- 1Department of Population Health, University of Georgia, Athens, GA, United States
- 2Faculty of Veterinary Sciences, La Plata National University, La Plata, Argentina
- 3Department of Animal Health and Anatomy, Universitat Autònoma de Barcelona, Barcelona, Spain
Editorial on the Research Topic
Emerging swine viruses, Volume II
The continuous growth of the human population and the need for resources has led to expanding encroachment into wildlife habitats (1). Increased interaction among humans, livestock, and wild animals can lead to spillover and spread of pathogens, particularly viruses, from wildlife reservoir species. The past few years have shown the risk of these increased interactions to the global population. The spread of the novel severe acute respiratory syndrome coronavirus 2 (SARS-CoV-2) resulted in a global pandemic (COVID-19), leading to more than 600 million cases and 6 million deaths worldwide, in addition to devastating social and economic consequences (2). Coincidently, another pandemic caused by African swine fever virus (ASFV) arose in domestic pigs in China just prior to the COVID-19 pandemic, reaching many other Asian and European countries. It is estimated that the outbreak resulted in the loss of about 30% of the Chinese pig population, leading to devastating consequences to the overall global swine industry (3, 4).

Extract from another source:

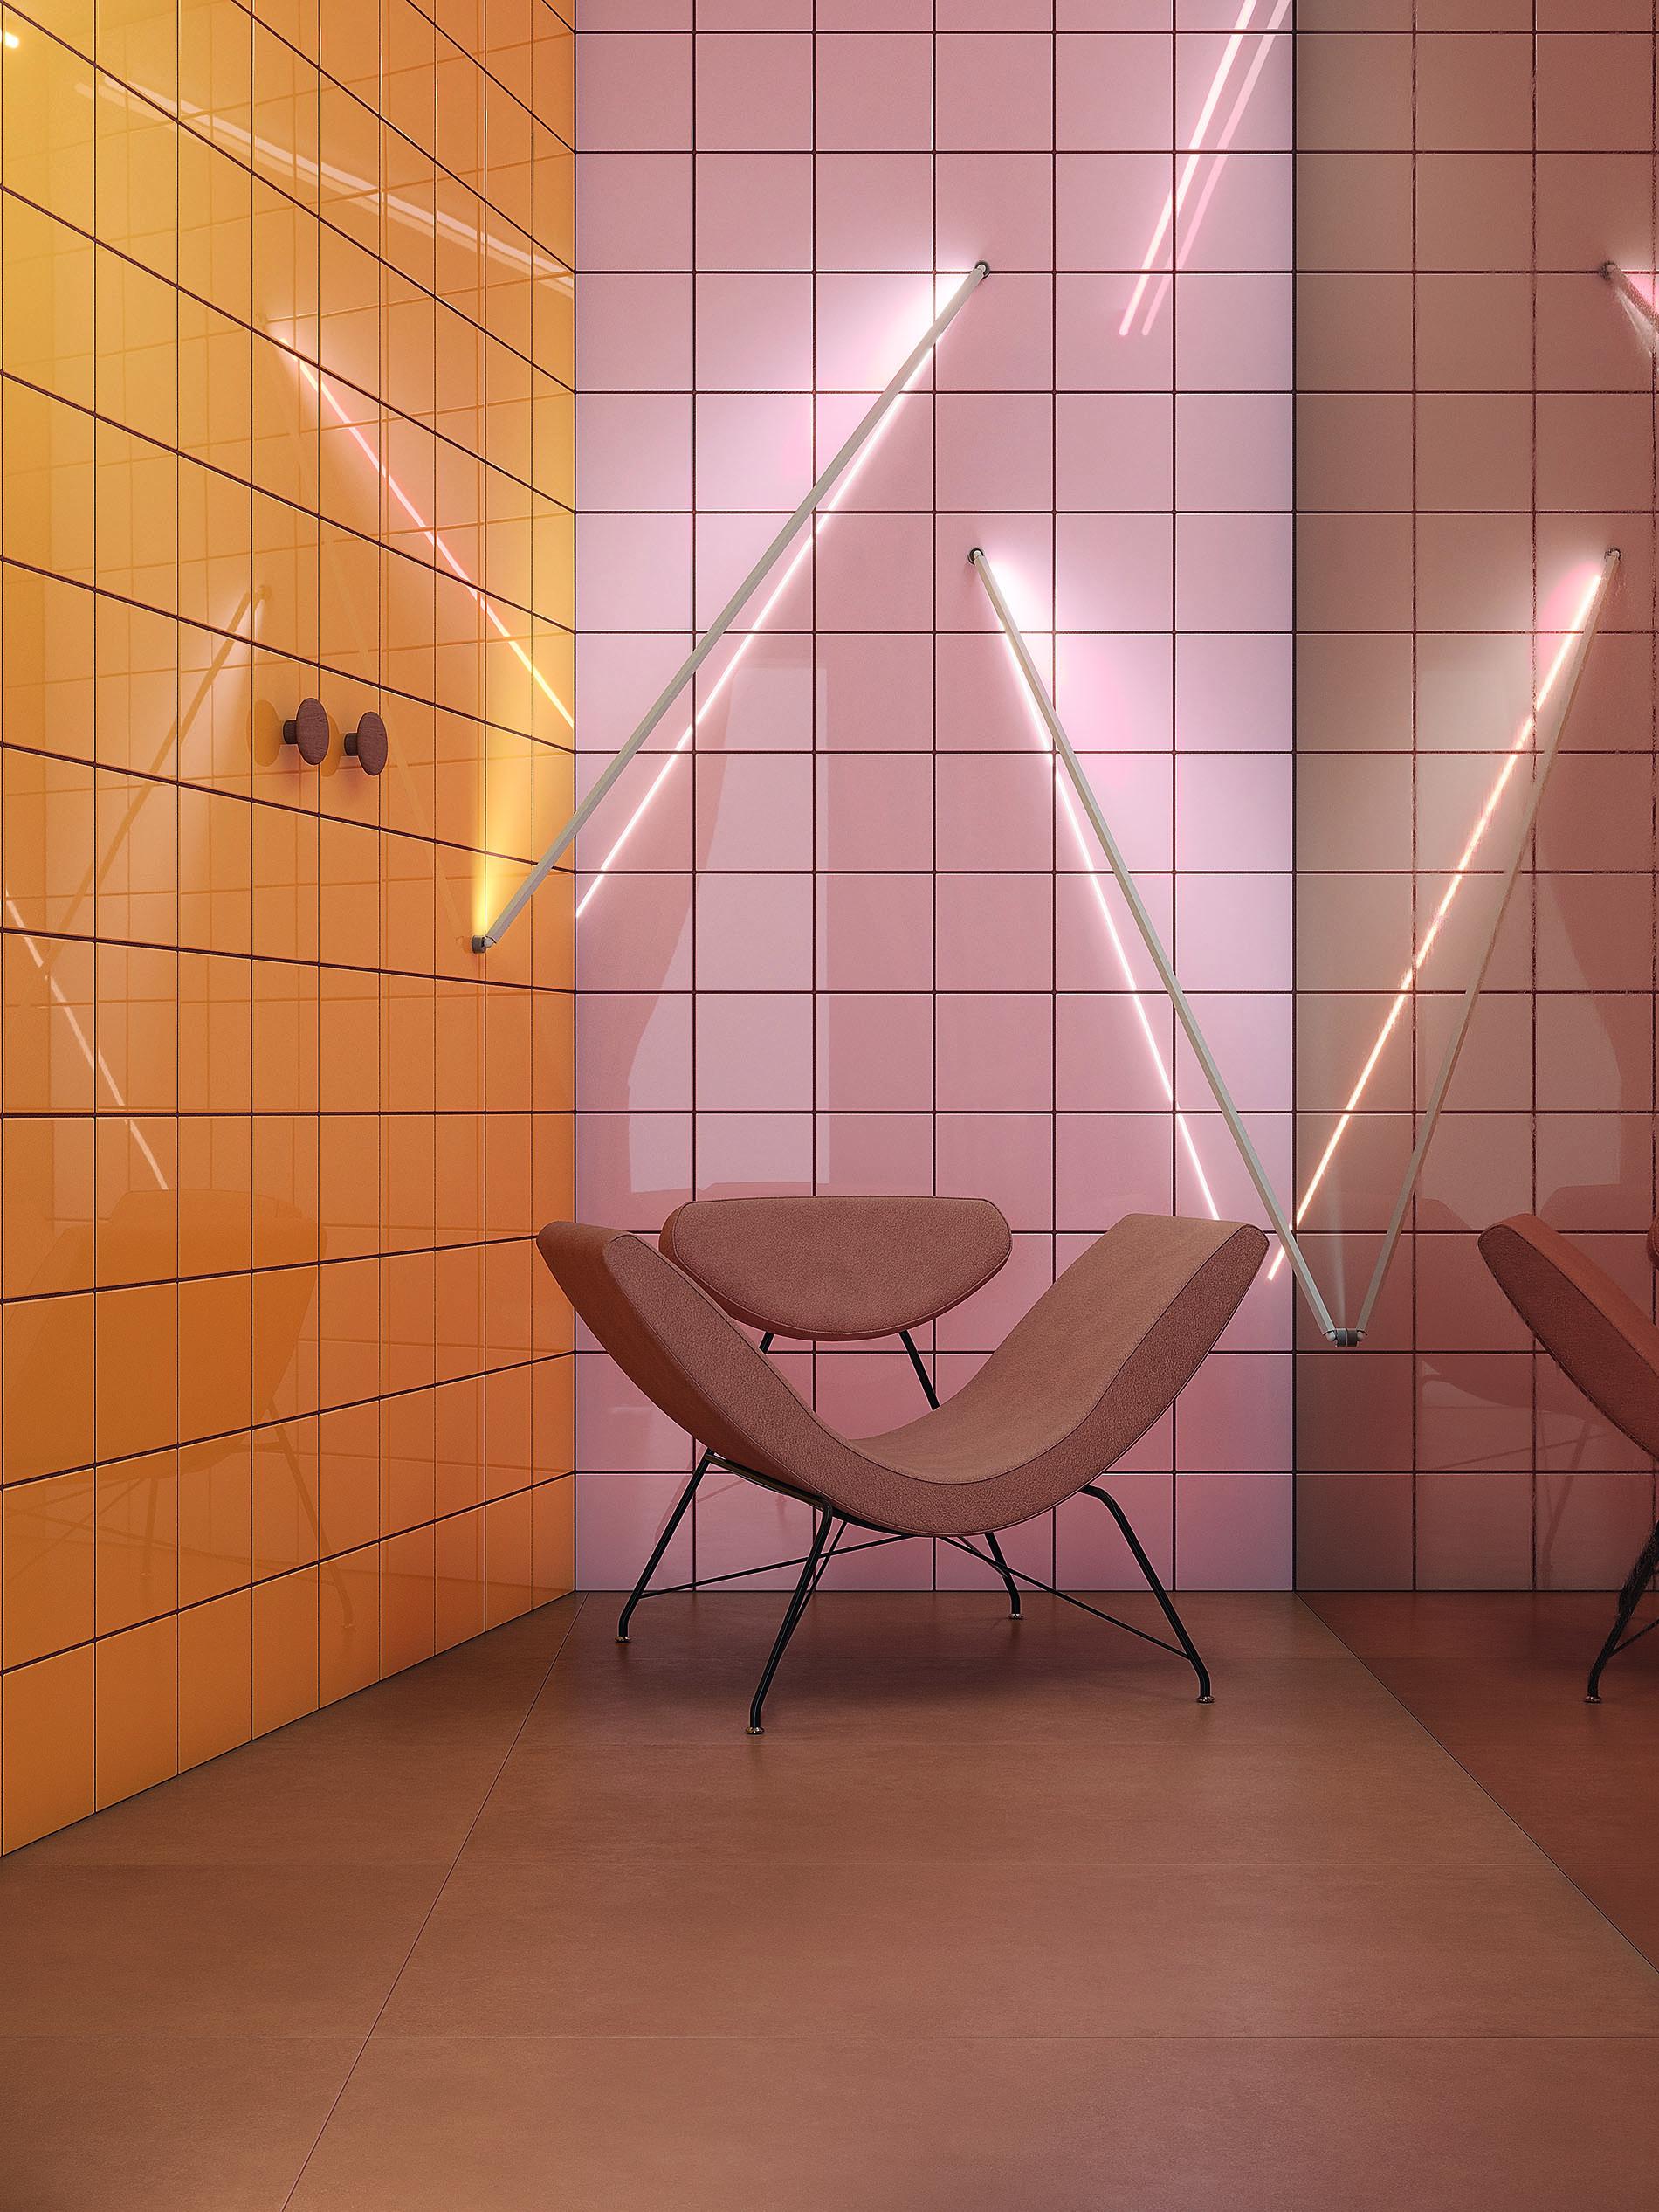 אריחים צבעוניים בחיפוי קירות

To meet the growing demand for meat and meat products, swine production has followed a similar growth trend (5). Following the COVID-19 pandemic, supply chain disruptions and increased meat prices are expected to reduce pork consumption and result in a slower growth than previous years. In countries with high swine production, production growth in the past 4 decades was accompanied by significant structural changes with a rapid shift to fewer and larger operations (5). These large production systems are characterized by tens of thousands susceptible animals concentrated in small areas. Current swine production systems involve continuous introduction and movement of pigs, often housing animals of different ages and immune status in the same facilities, providing the ideal environment for the introduction and spread of pathogens.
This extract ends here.